For certain drugs, the overvaluation of sales due to the use of Medicare-allowed charges would be aggravated by additional add-ons to ASP. For example, blood clotting factors are given an additional reimbursement amount that would presumably also be included in the IRS’s proposed sum of Medicare-allowed charges for such drugs.

The use of Medicare-allowed charges will likely result in a calculation of a Part B market valuation that is quite different from the one the statute intended. In addition, because each manufacturer’s share of the annual fee is directly related to its share of sales to the specified government programs as calculated by the IRS, use of Medicare-allowed charges rather than ASP likely means that each manufacturer will pay a different share of the annual fee than the statute requires. Because it is impossible to predict which manufacturers will benefit and which will suffer from any substituted calculation, the IRS should implement the fee in strict accordance with the formulas specified by the statute. BIO urges the IRS to follow the statute and reconsider its proposed substitution of Medicare-allowed charges for ASP.

B.     For HCPCS codes consisting of multiple prescription drugs, use of ASP sales data to estimate Part B sales would result in the overvaluation of Part B sales for some manufacturers.

BIO recognizes the difficulty of quantifying Part B Sales for a drug that is assigned to a HCPCS code that includes multiple drugs produced by multiple manufacturers. Section 9008 provides only that CMS “shall establish a process for determining the units and the allocated price for purposes of this section for those branded prescription drugs that are not separately payable or for which National Drug Codes are not reported.” We appreciate the effort that the IRS has made in Notice 2011-9 to fairly estimate Part B sales in these cases, but we remain concerned that the proposed method will result in overvaluation of the Part B market for some manufacturers.

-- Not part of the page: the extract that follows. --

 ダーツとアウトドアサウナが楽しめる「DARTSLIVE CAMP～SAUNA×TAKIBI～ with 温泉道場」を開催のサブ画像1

The IRS proposes to estimate Part B sales for multiple-drug HCPCS codes by “applying the utilization percentage attributed to each manufacturer as determined under the Medicare Part B program using manufacturer reported Average Sales Price sales data.” The data reported by manufacturers for the calculation of ASP, however, is derived from all commercial sales in the United States and not from sales to Part B alone. Thus, in all cases where a manufacturer’s share of Part B sales happens to be smaller than its share of the commercial market as a whole, the proposed method would overestimate that manufacturer’s share of the utilization for the HCPCS code at issue. Because the statute only takes account of sales to specified government programs and not sales to the commercial market as a whole, the proposed method would force that manufacturer to pay a larger portion of the annual fee than the statute requires.

C.     The IRS should address how Part B sales will be calculated for branded prescription drugs reimbursed under a bundled payment rate.

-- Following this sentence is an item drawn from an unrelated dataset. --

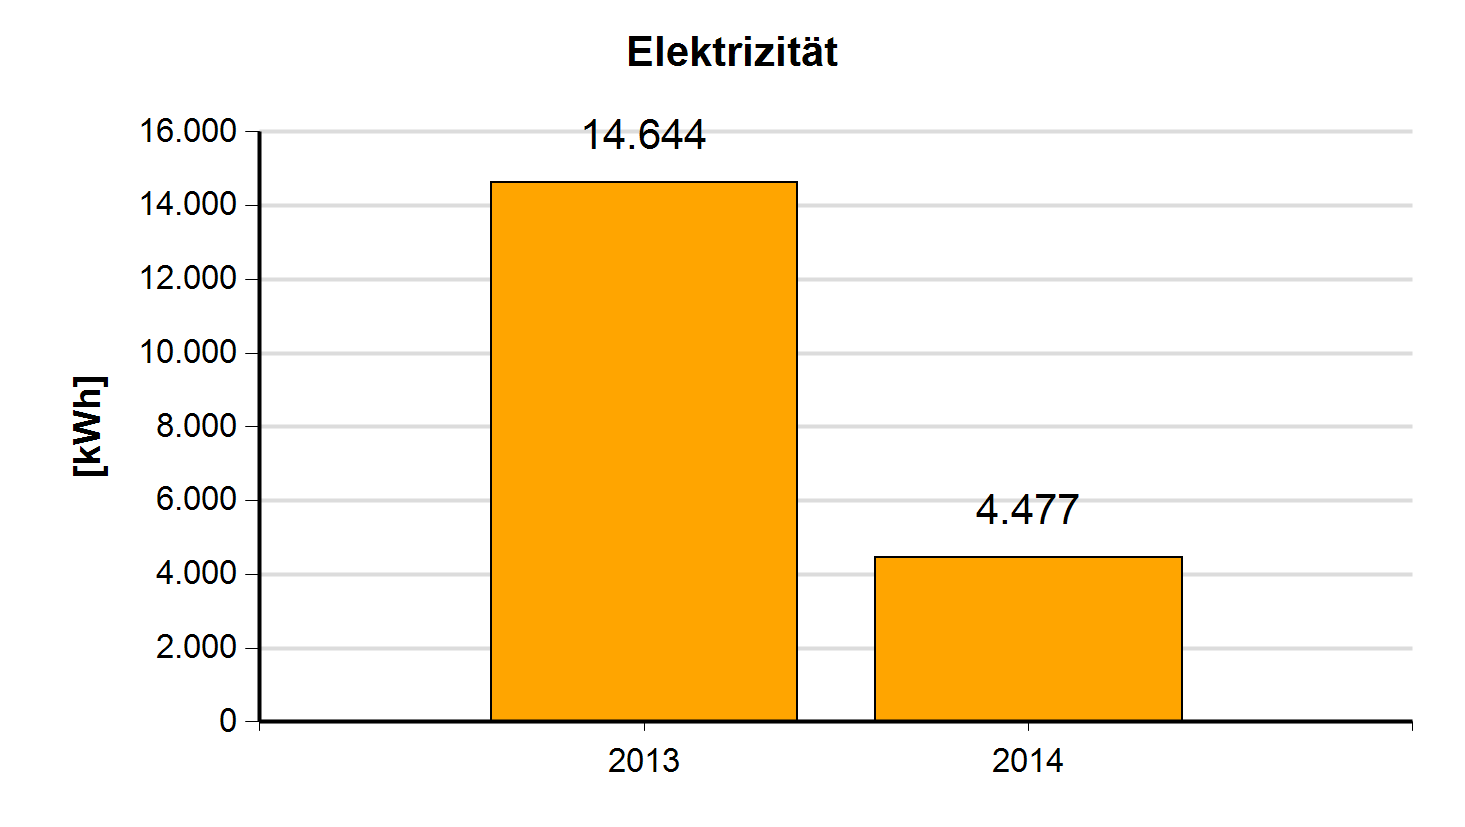 5.11.2 Entwicklung der Jahreswerte für Strom, Wärme, Wasser Elektrizität Jahr Verbrauch 2014 4.

A number of branded prescription drugs are reimbursed under Medicare Part B using a bundled payment rate. For example, certain drugs used in dialysis are reimbursed along with other dialysis services as part of a bundled rate, and many therapies utilized in the outpatient hospital setting are not reimbursed separately. Section 9008 provides that CMS should establish a process for determining the number of units and an allocated price for branded prescription drugs not separately payable or with no NDC. CMS has not described what this process may be, and Notice 2011-9 was silent on this issue. BIO requests that the IRS clarify how it plans to estimate the sales of these drugs with adequate time for stakeholder review of the proposal.

D.    The IRS should clarify how it will address branded prescription drugs that are part of a drug/device combination product.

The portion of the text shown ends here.